** Work order **
Output the lines of the records from the one containing "Σήμερα: Γιορτάζουμε τα" through the last, both ends included. Leave pictures out.

** Records drawn from a dataset **

◇ ◇ ◇

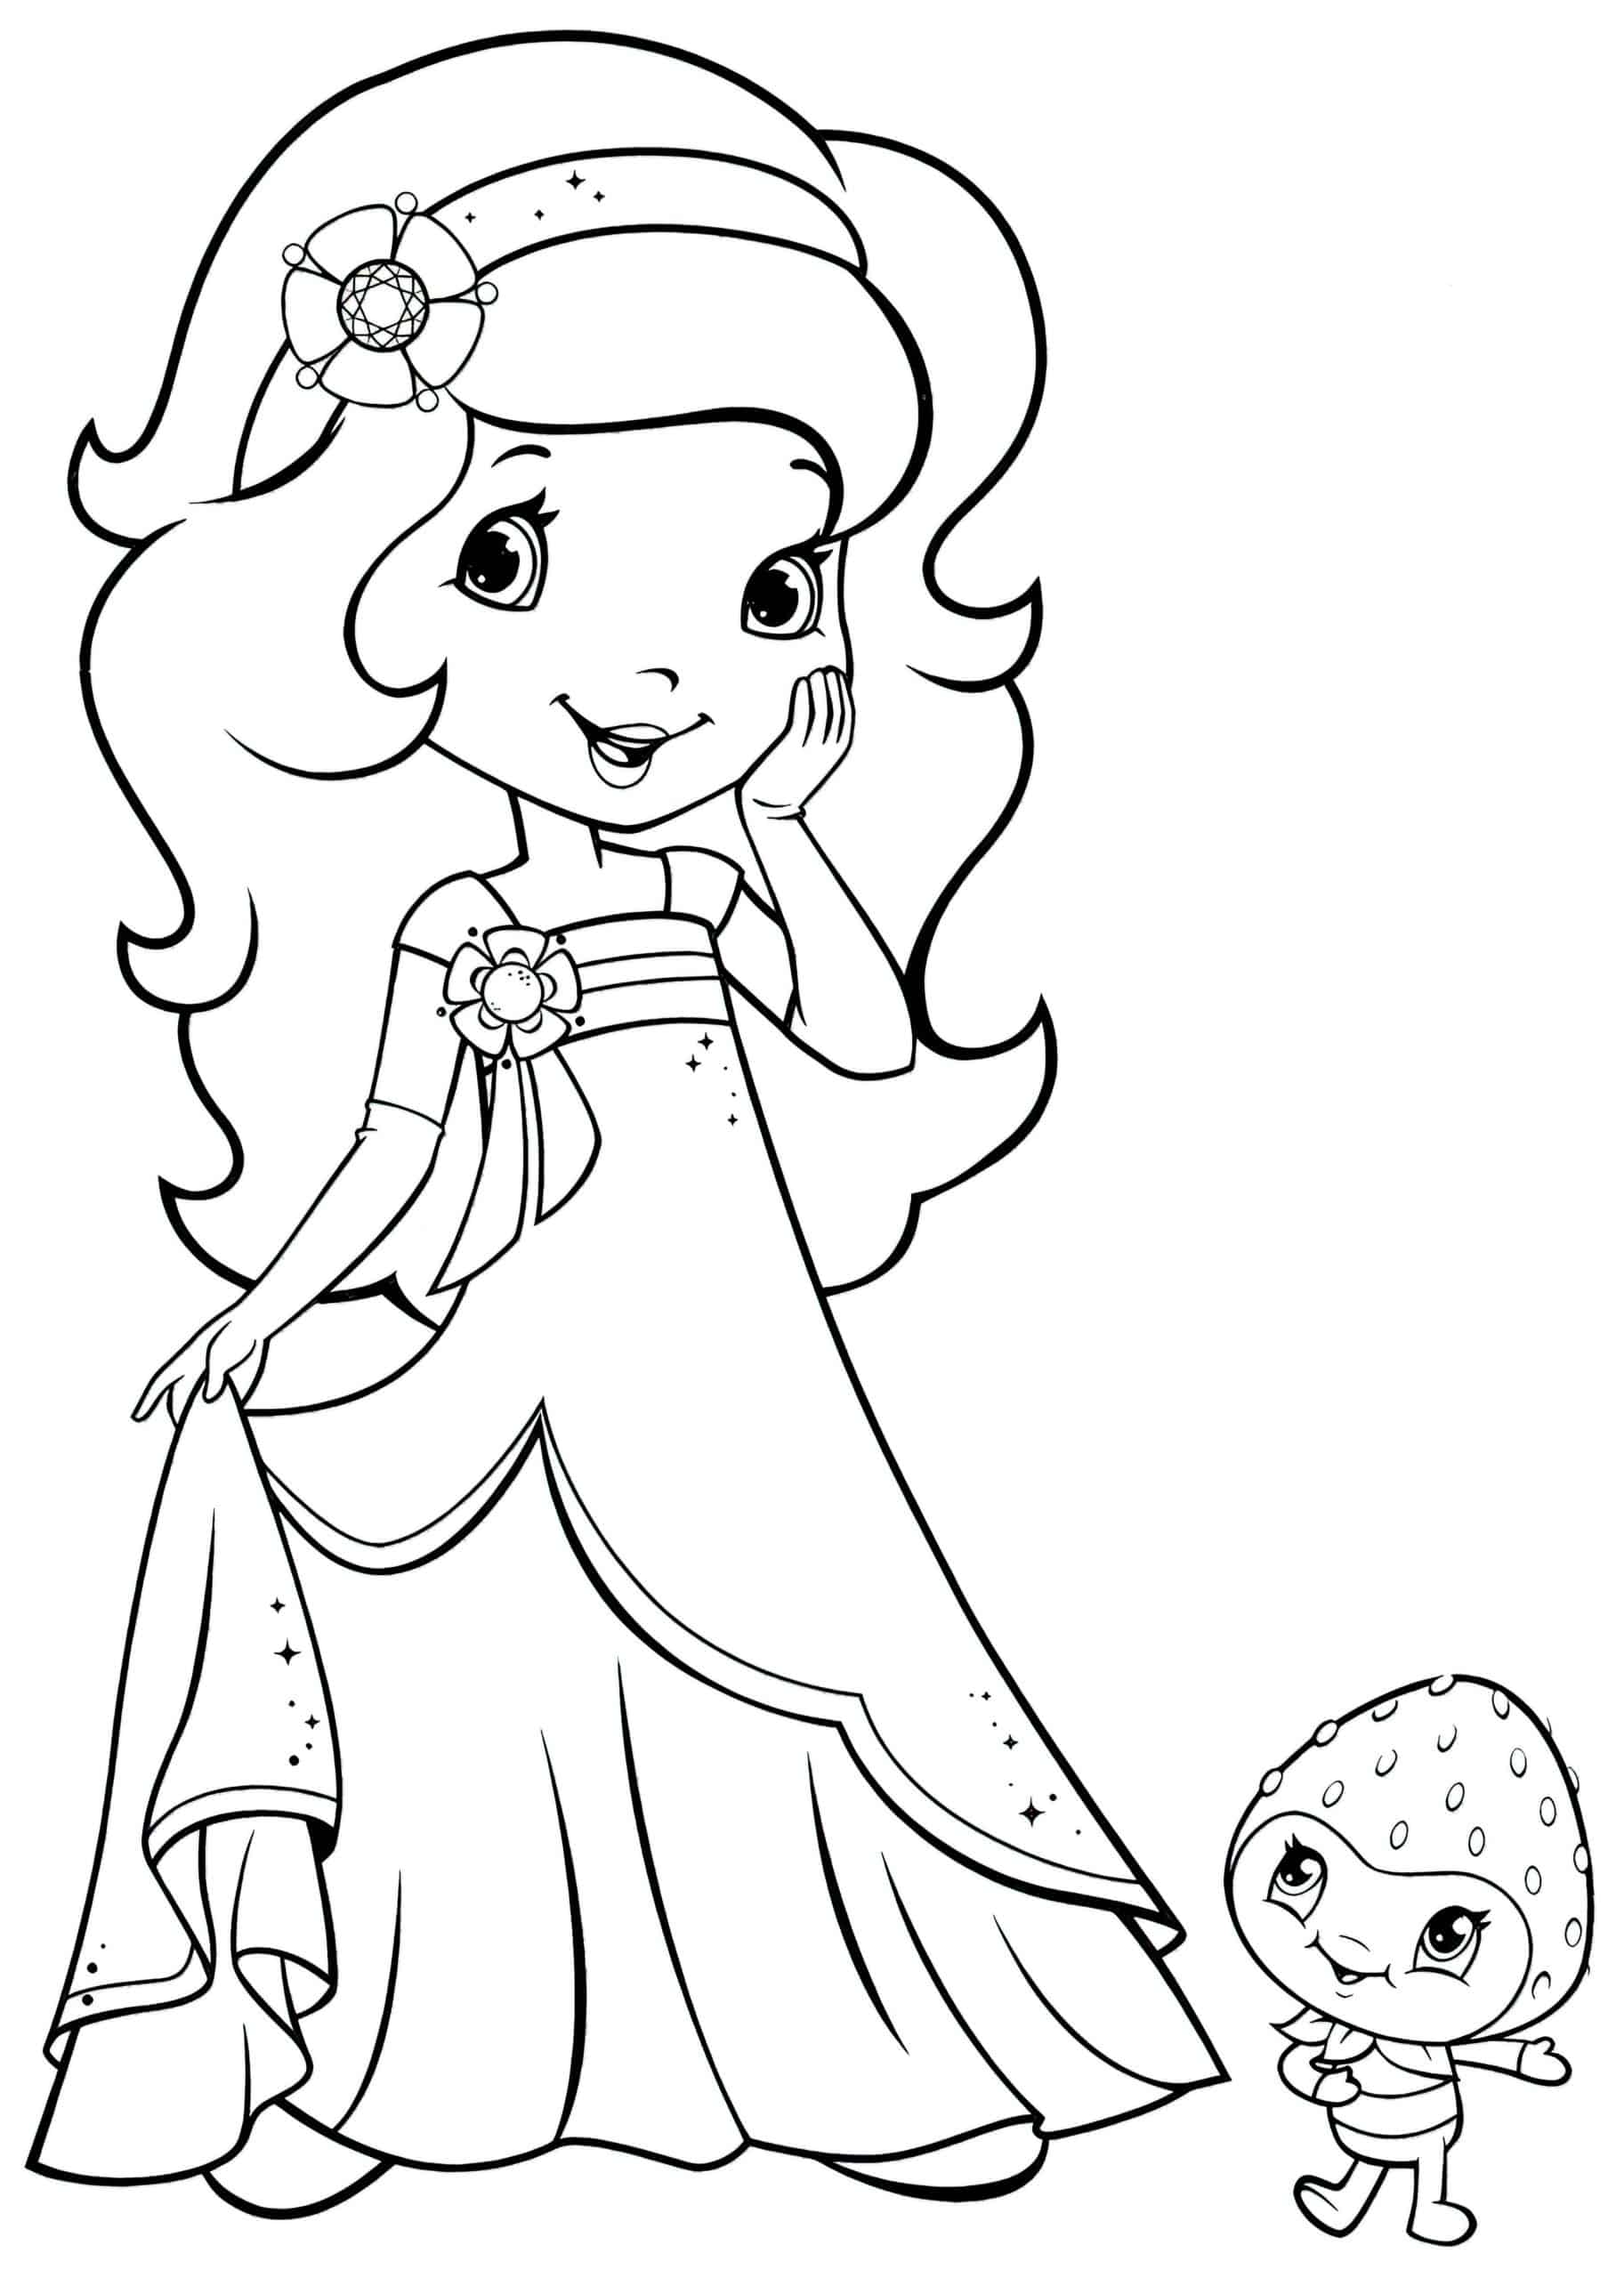 דף צביעה הנסיכה לימון עם תותית
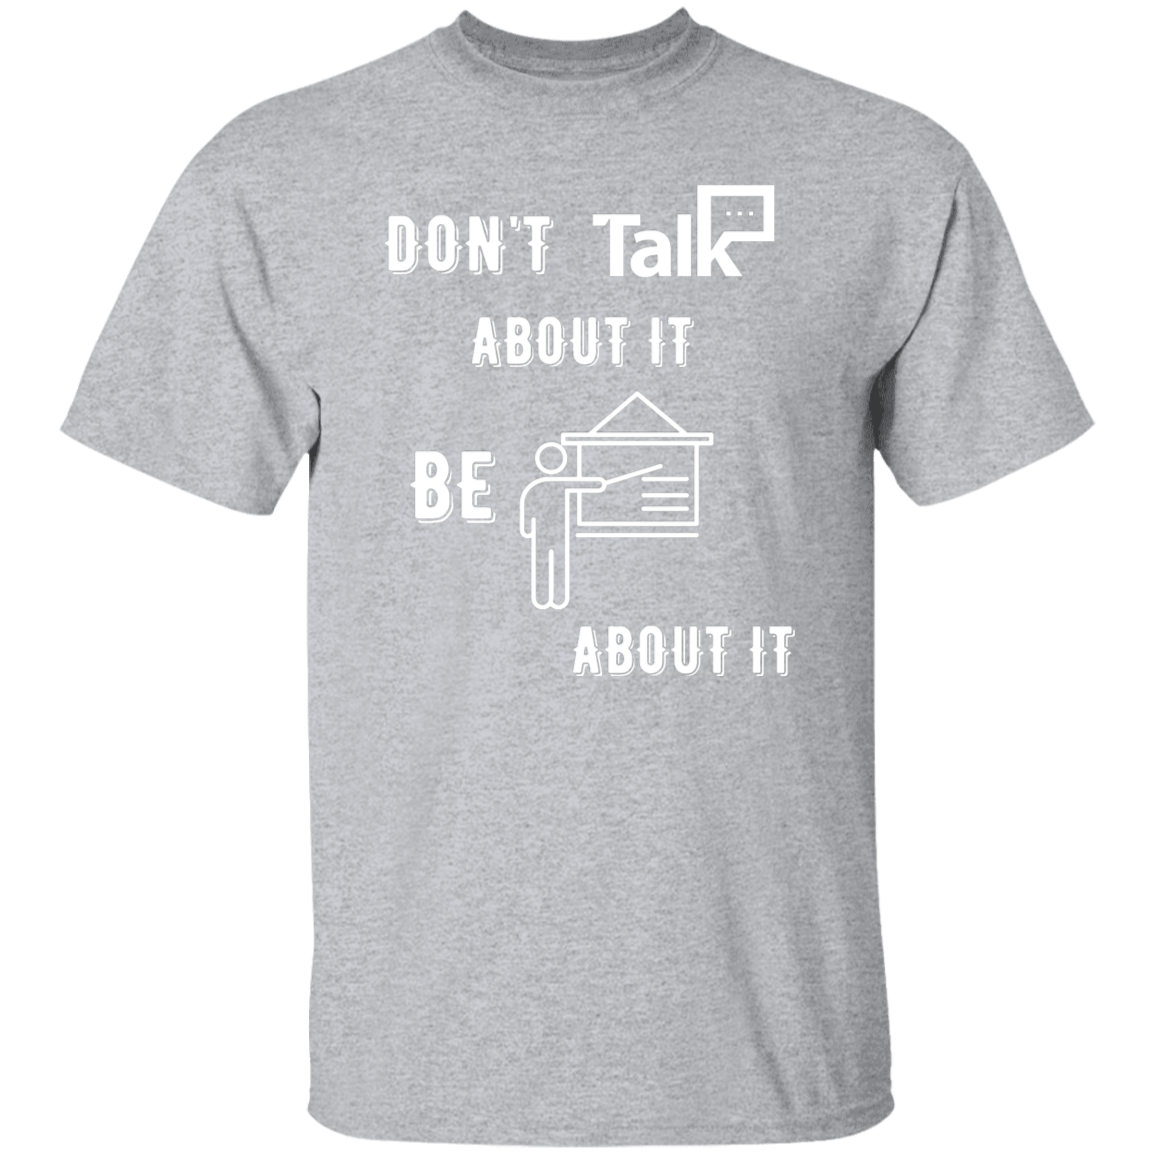 Don't Talk About It - Teacher Short Sleeve Shirt
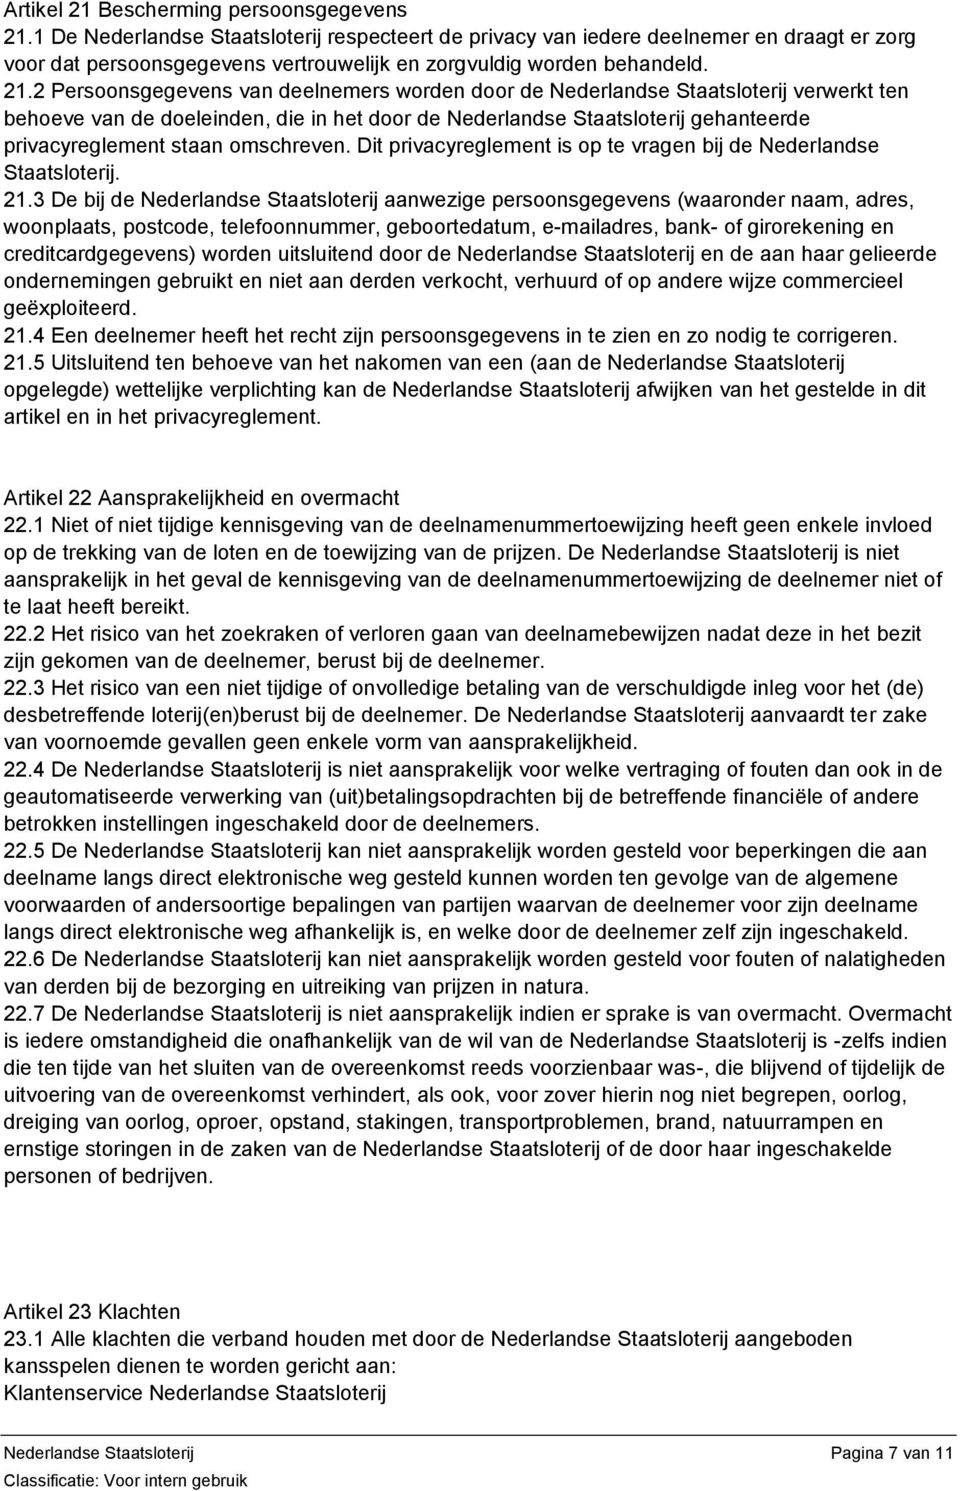 2 Persoonsgegevens van deelnemers worden door de Nederlandse Staatsloterij verwerkt ten behoeve van de doeleinden, die in het door de Nederlandse Staatsloterij gehanteerde privacyreglement staan
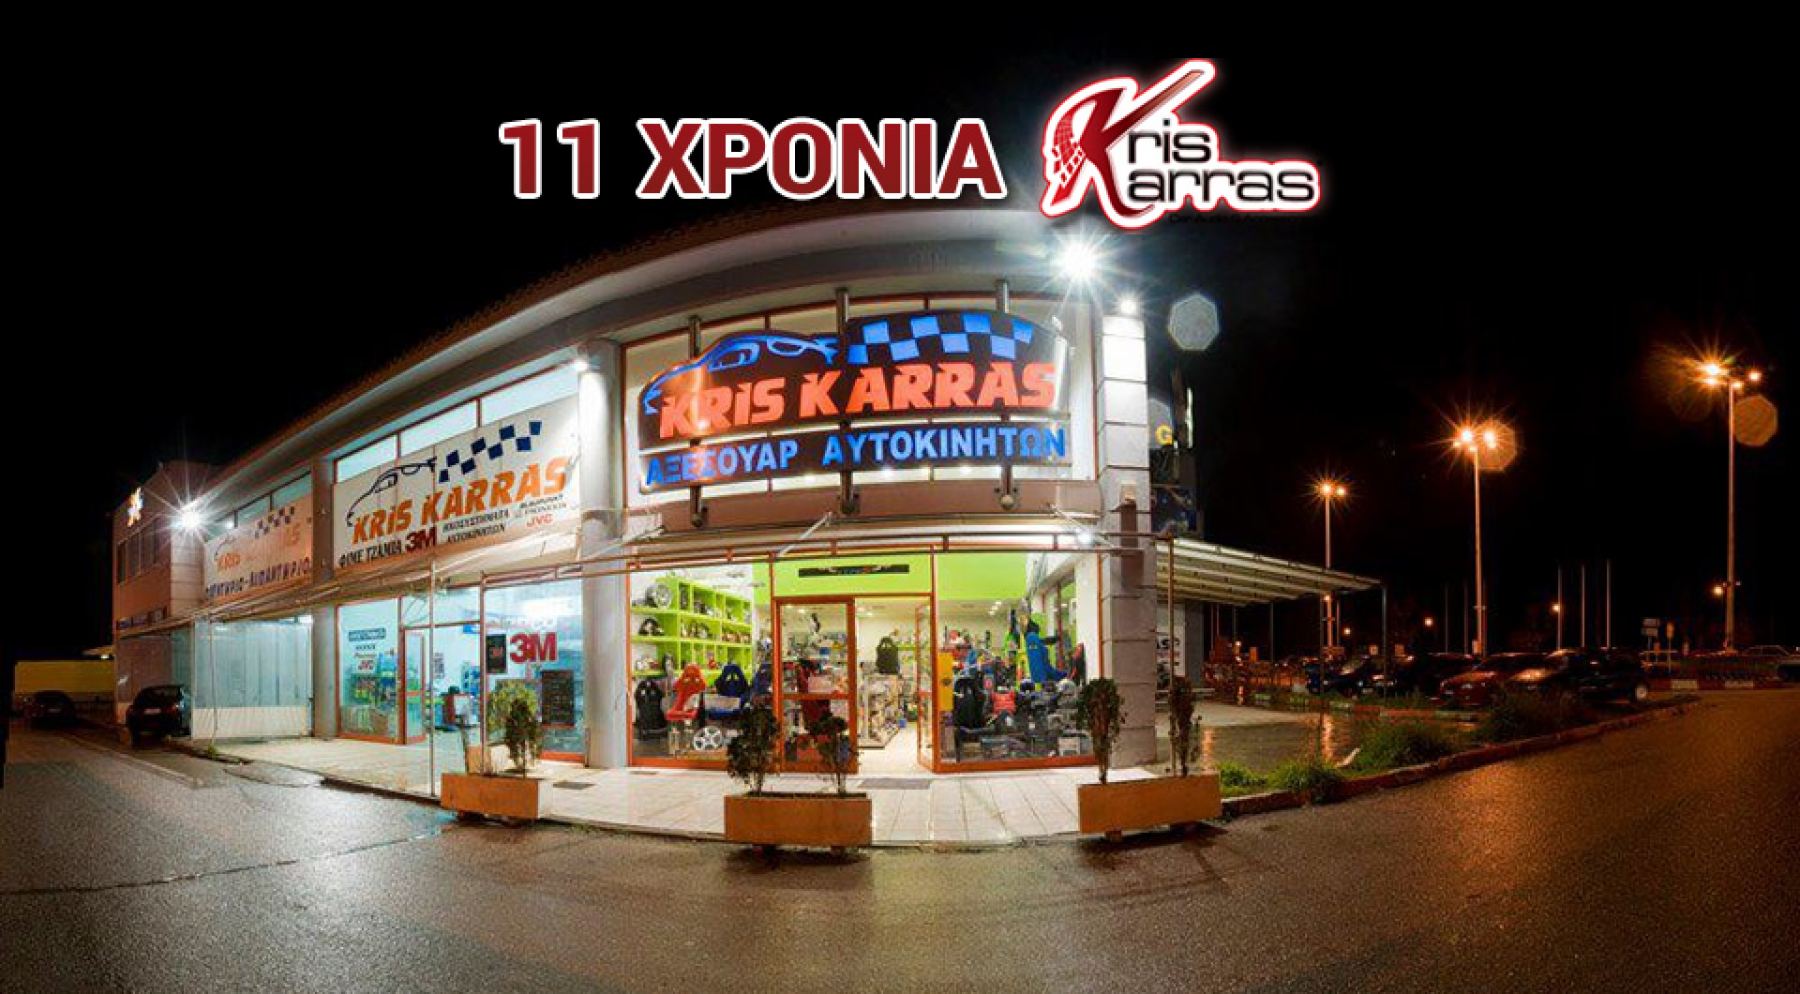 Σήμερα: Γιορτάζουμε τα 11 χρόνια kris-karras και σας κάνουμε 1+1 ΔΩΡΟ!
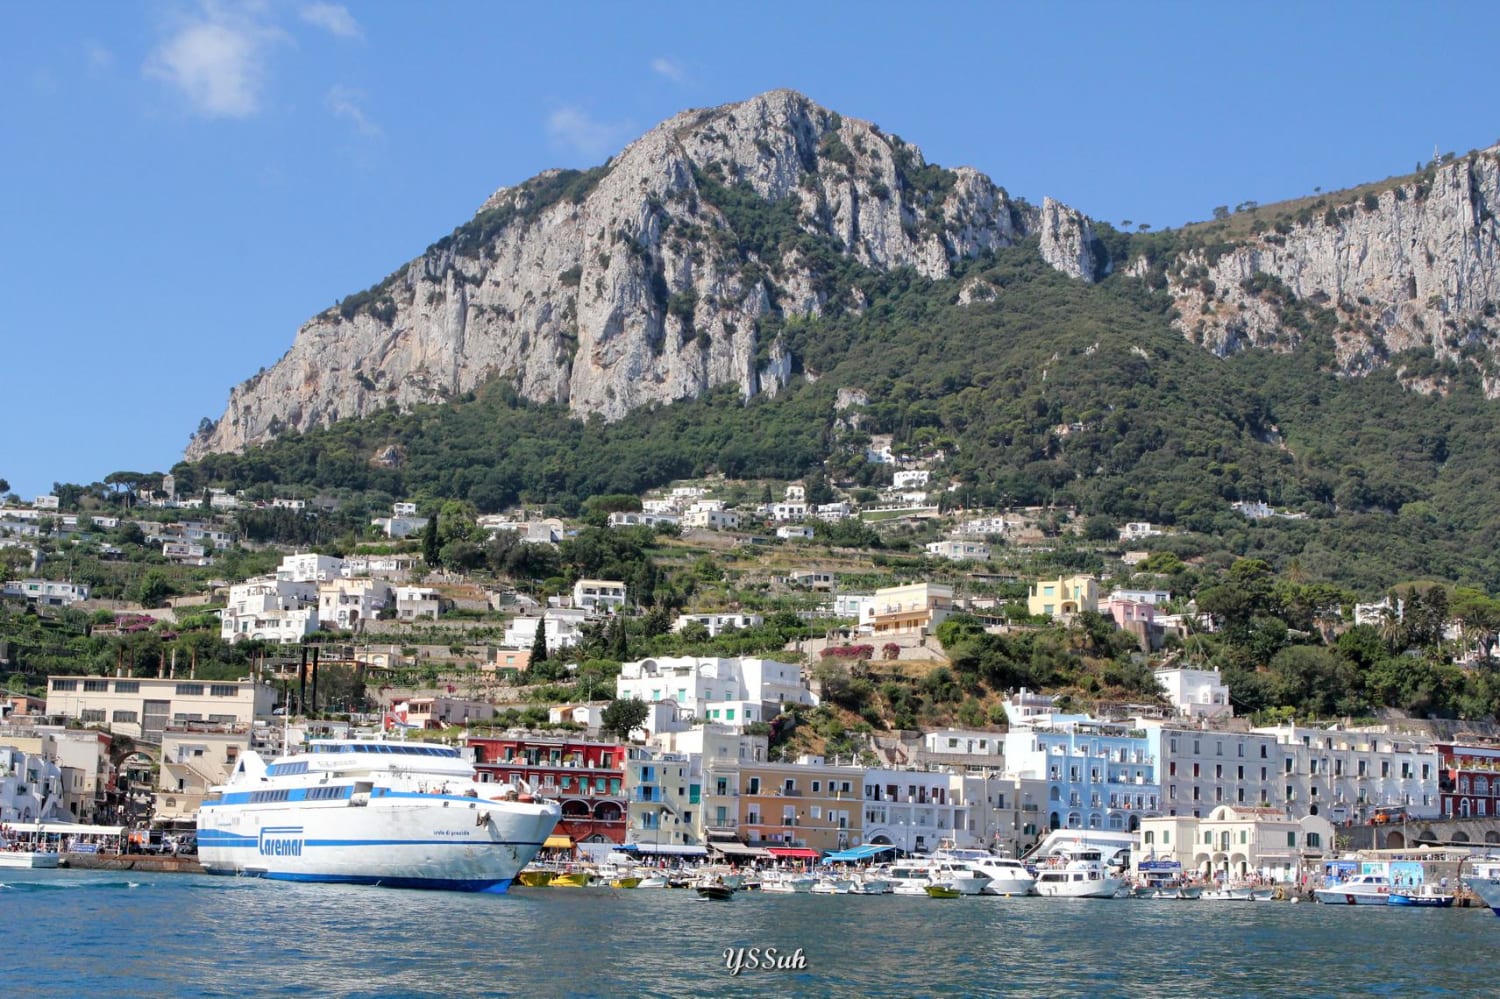 Capri island, Italy.

◇ ◇ ◇

** Result of this task **
 Σήμερα: Γιορτάζουμε τα 11 χρόνια kris-karras και σας κάνουμε 1+1 ΔΩΡΟ!
 Capri island, Italy.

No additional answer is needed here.